### MATERIAL SUPPLIED:

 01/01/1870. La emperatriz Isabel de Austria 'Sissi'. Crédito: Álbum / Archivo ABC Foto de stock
* * *
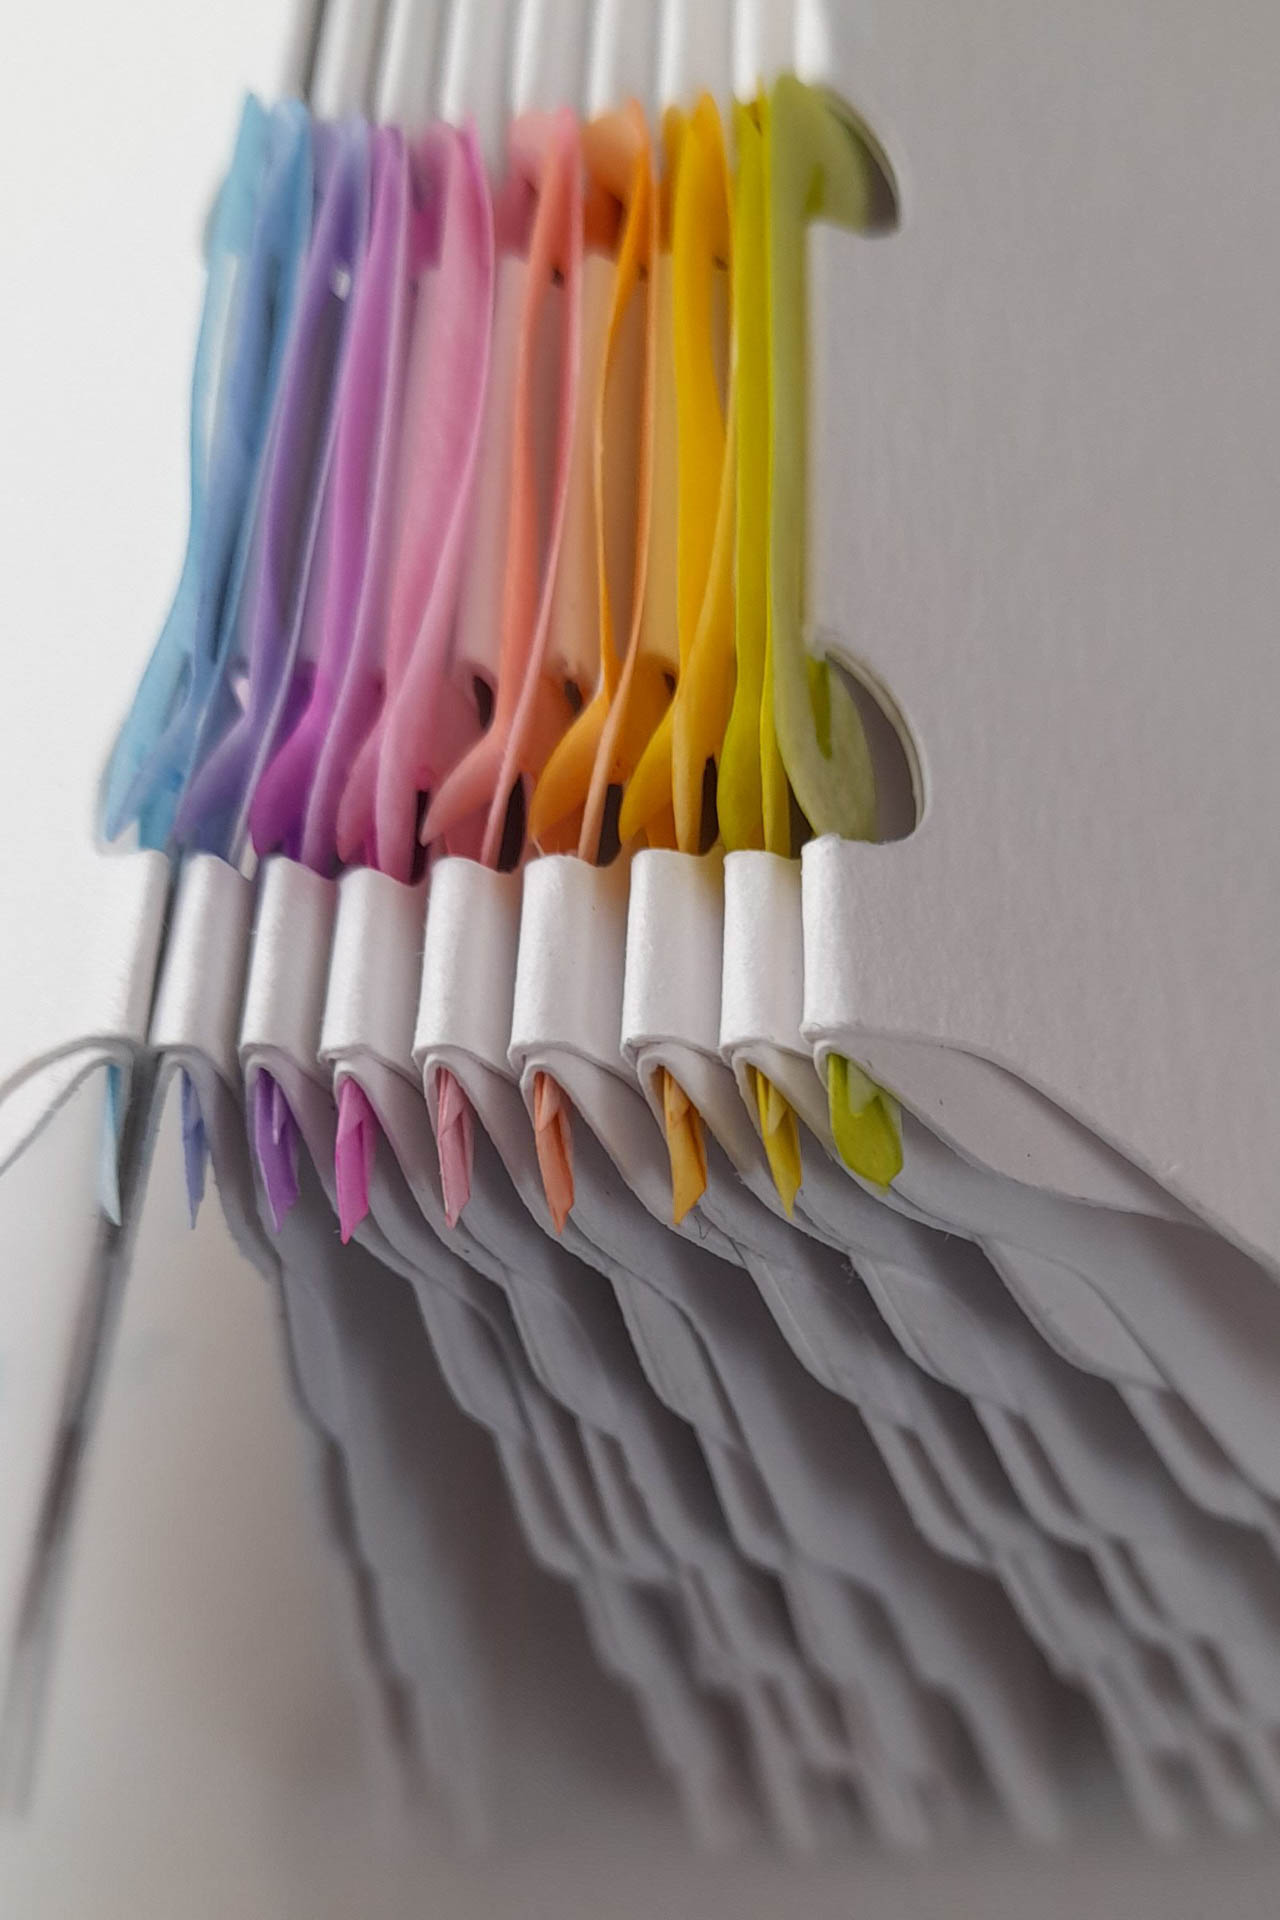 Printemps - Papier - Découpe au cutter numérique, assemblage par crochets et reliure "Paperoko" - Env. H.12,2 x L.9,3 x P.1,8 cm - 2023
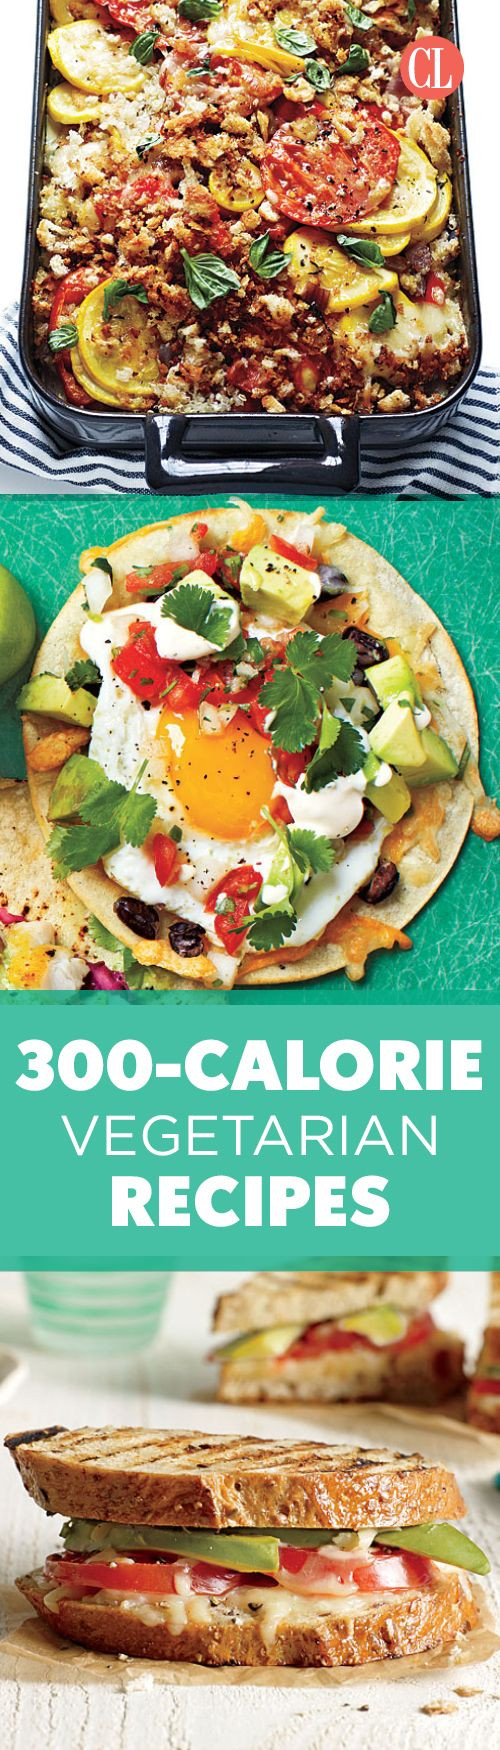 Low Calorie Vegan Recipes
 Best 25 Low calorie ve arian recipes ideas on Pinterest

### REQUIRED WORK:
Keep to the stretch from the line containing "Low Calorie Vegan Recipes" through the line containing "Best 25 Low", both ends included, and copy it exactly from the listing above, minus the pictures.

### OUTPUT FOR THIS TASK:
 Low Calorie Vegan Recipes
 Best 25 Low calorie ve arian recipes ideas on Pinterest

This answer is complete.